------ Given data ------
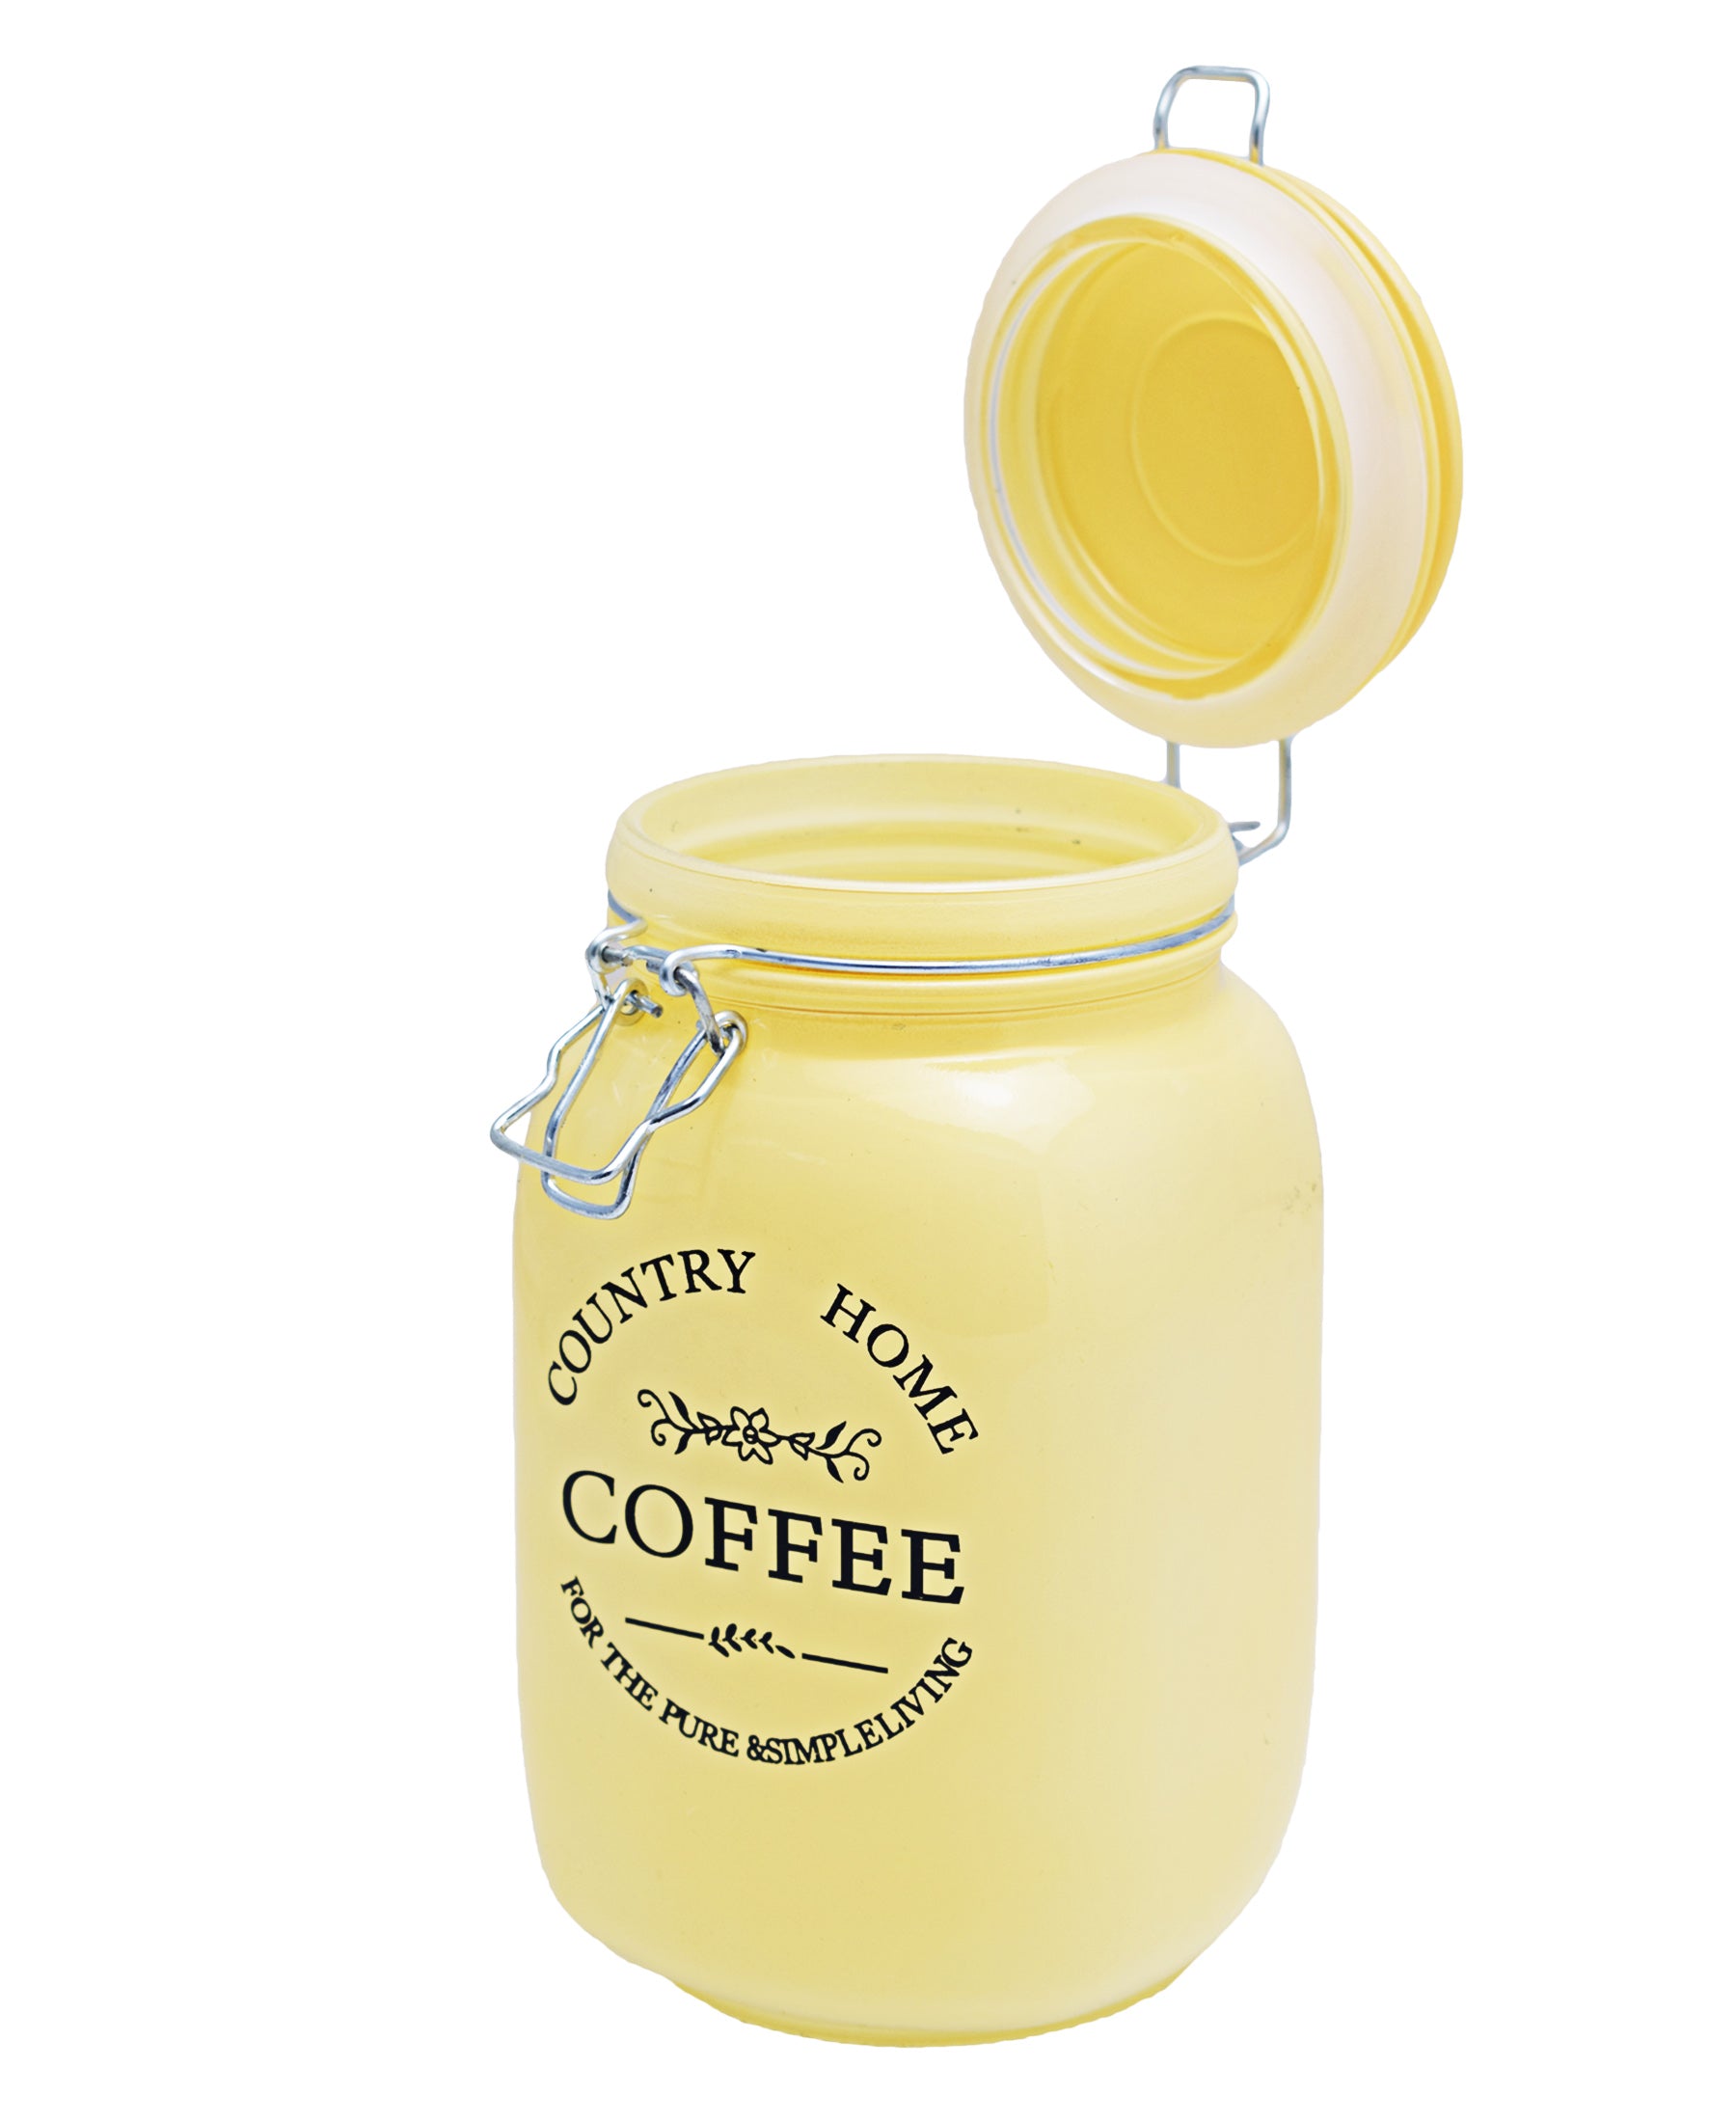 Country Home Coffee Medium Jar - Cream
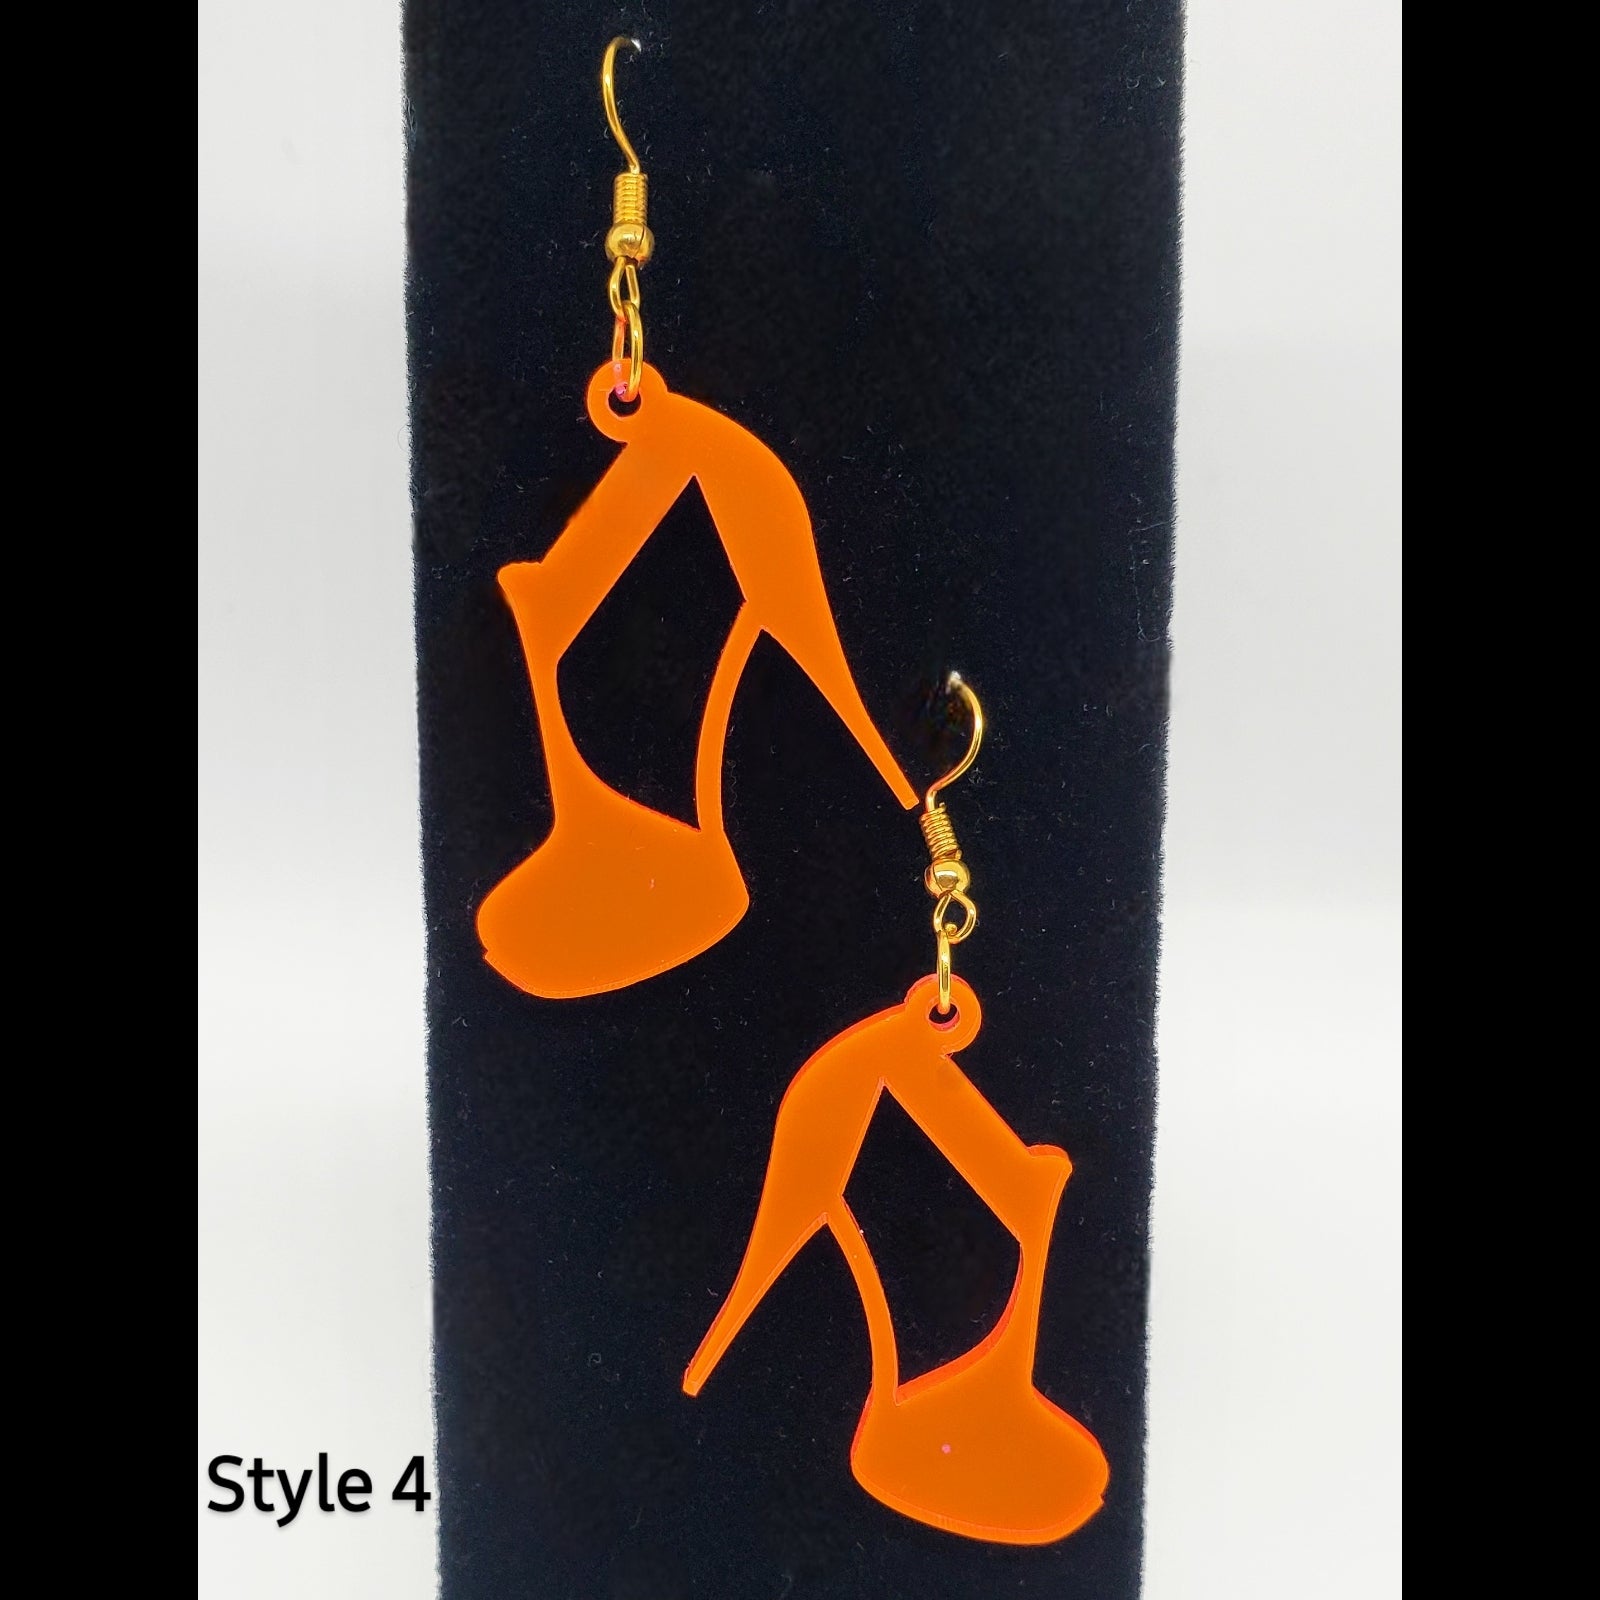 Orange strapped heel acrylic shoe earrings on stand
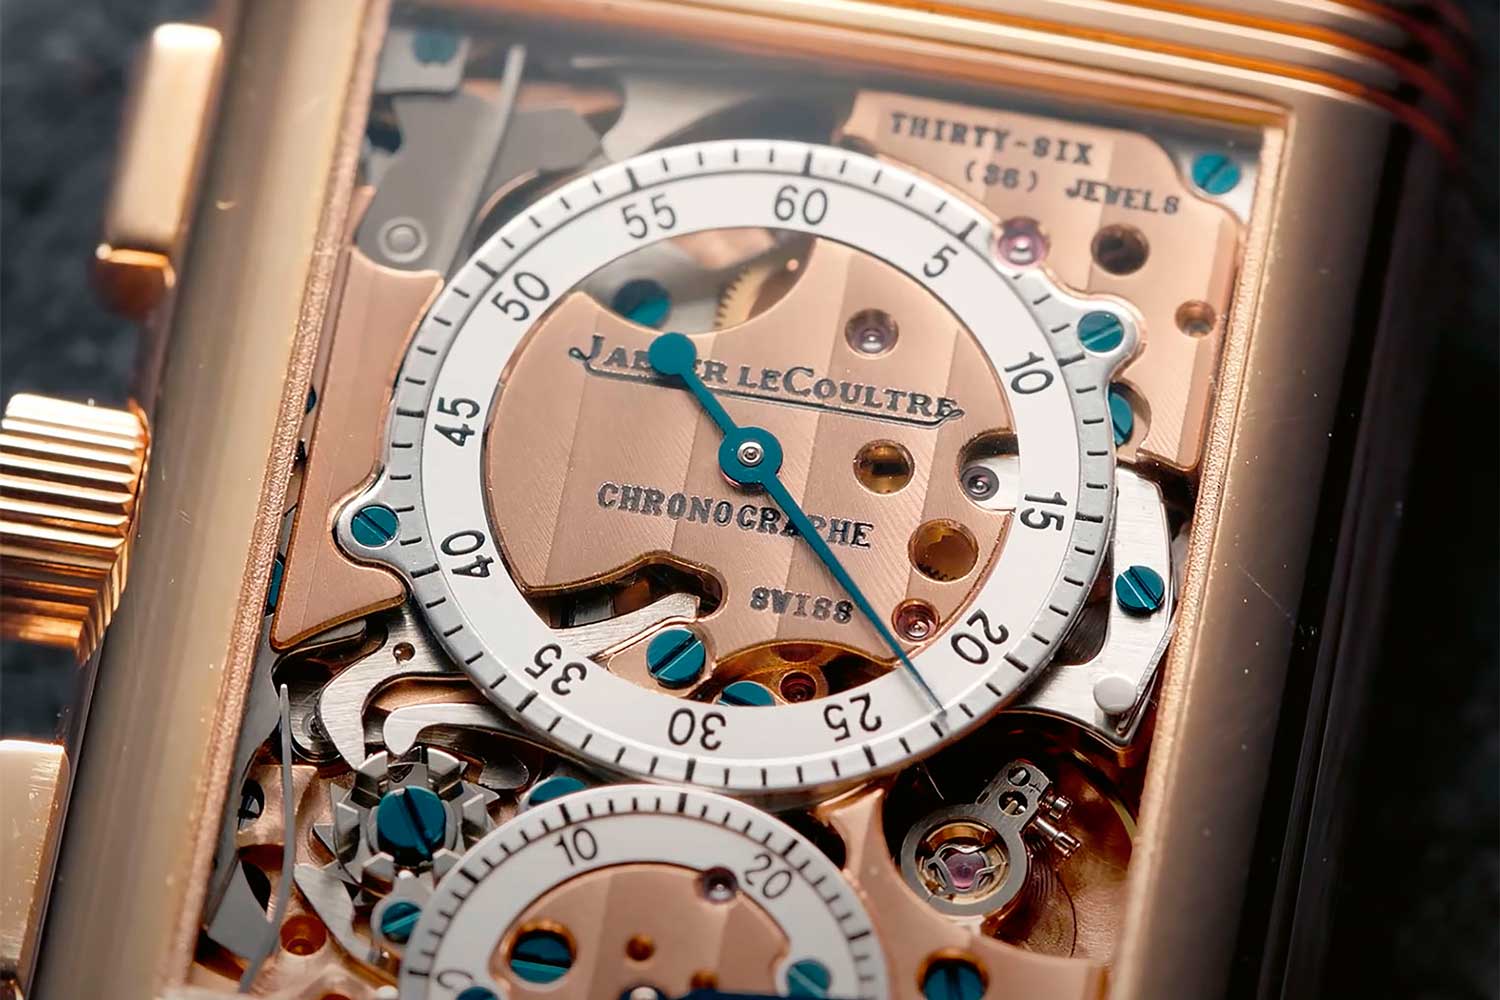 Close-up of the chronograph on the Chronographe Retrograde
------
:: Work request ::
Your copy should hold exactly the lines from the line bearing "Orange strapped heel" through the end of the data, both included, and no pictures or anything further.

:: Solution to the problem ::
 Orange strapped heel acrylic shoe earrings on stand
 Close-up of the chronograph on the Chronographe Retrograde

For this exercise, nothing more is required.